春学恋愛部
「うわ、なんだか緊張する……」
呟いた拓馬と共に、柚果もステージに目を向ける。
マイクを持っている男性は、落ち着いた雰囲気で一見怖そうに見える。何本かの皺は刻まれているものの、整った顔は間違いなく海斗の父親だった。

挨拶が始まるとに表情がにこやかに変わる。
やっぱり海斗に似てる。笑うとなんだか少年みたいだ、と柚果は思った。

海斗の父親の隣には華によく似た女性。その両脇に華と海斗が控えている。

「それでは、乾杯」
パーティが始まった。
院長一家は挨拶に忙しく、柚果達とは時々すれ違うものの会話もすることがなく1時間が経過した。
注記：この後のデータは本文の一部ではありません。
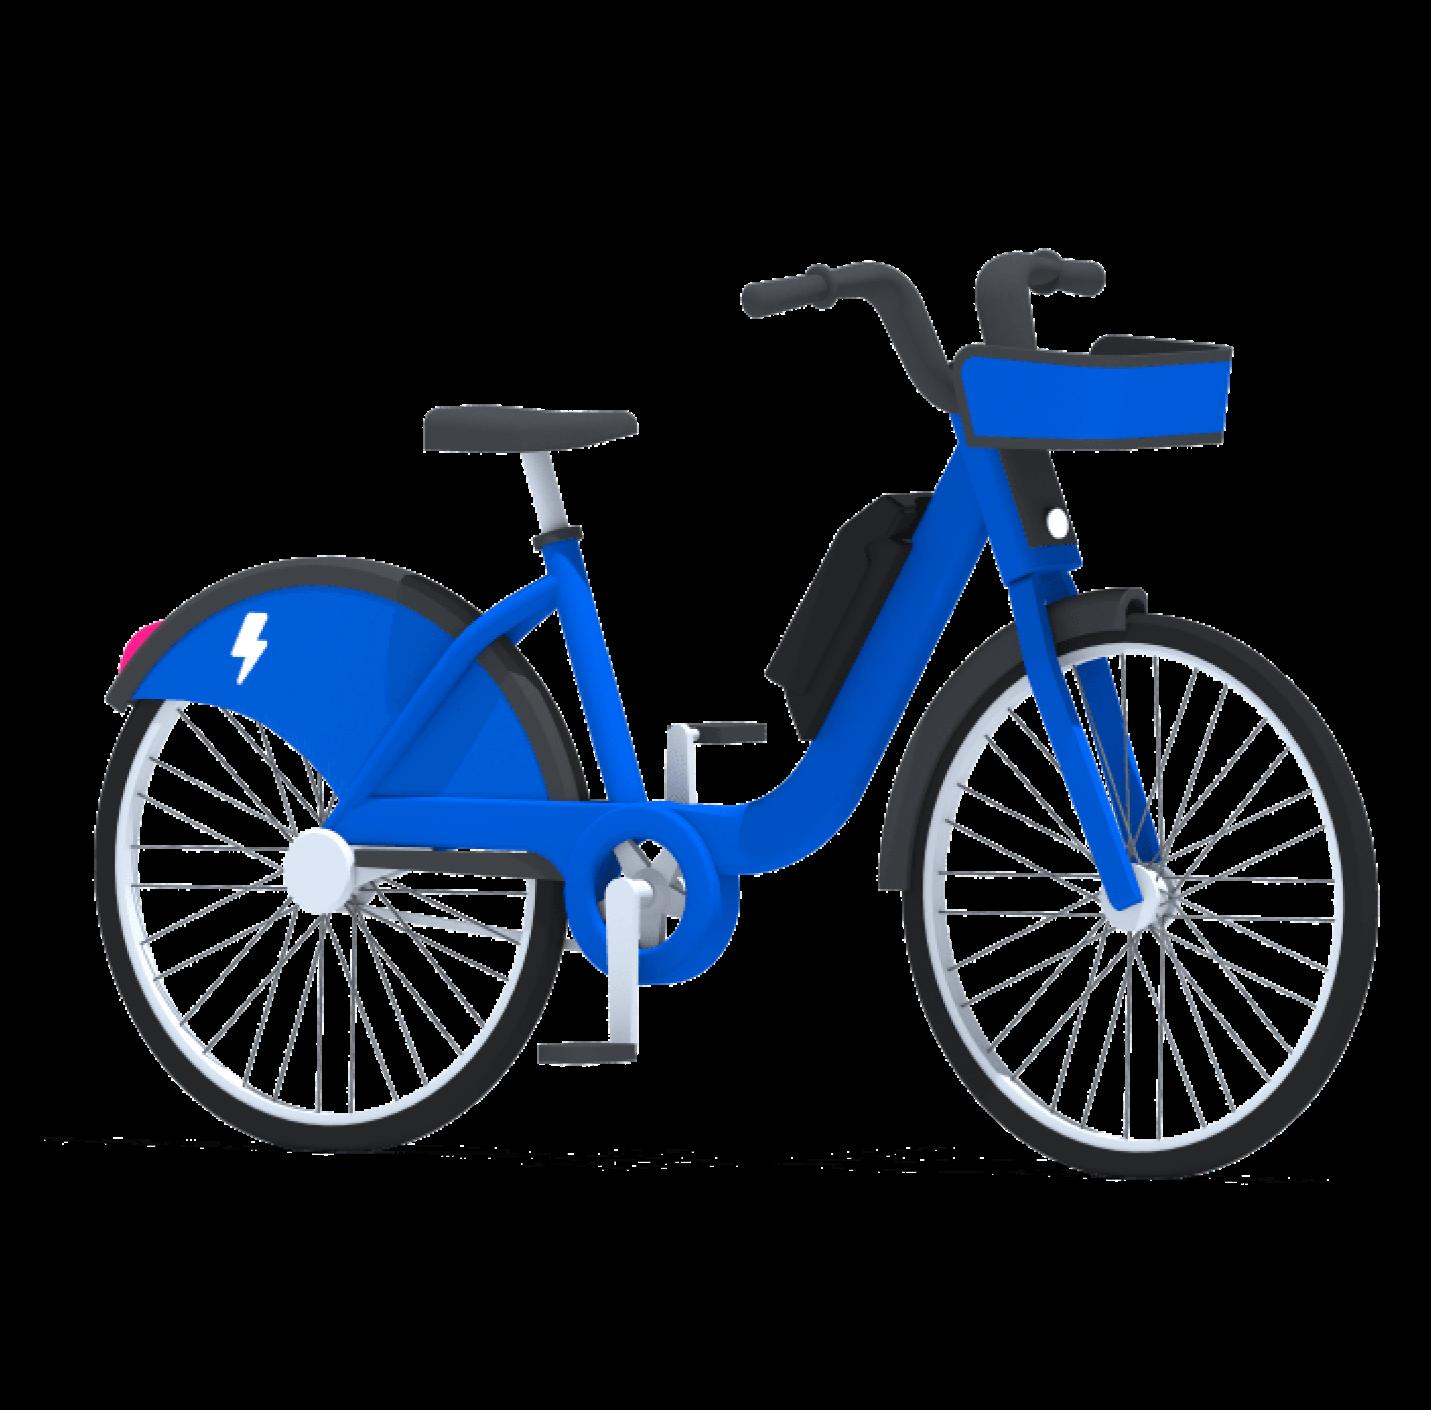 CitiBike electric bike image

「柚果ちゃん、このオレンジピールのムース絶品だよー。後で華ちゃんに食べさせてあげよーっと」
いい加減緊張がほぐれてきた拓馬がケーキに舌鼓を打つ。

ここのホテルはドライフルーツをふんだんに使ったケーキが有名だけれど、学生が簡単に買えるようなものではないので、ついつい柚果もつられて口に運んだ。

あ、しまった。
もう太らないようにケーキを食べる時は海斗に報告するって、決めたのは自分だったのに。
まさか海斗気づいてないよね、と気が付いて慌てて周りを見回すと、運悪く海斗が家族と歩いてくるところだった。

「こんばんは。海斗と華のお友達だね。今日はありがとう」と笑顔の父親には見えないように、こっそりと柚果の手がつねられる。

どうやらしっかりと目撃していたらしい。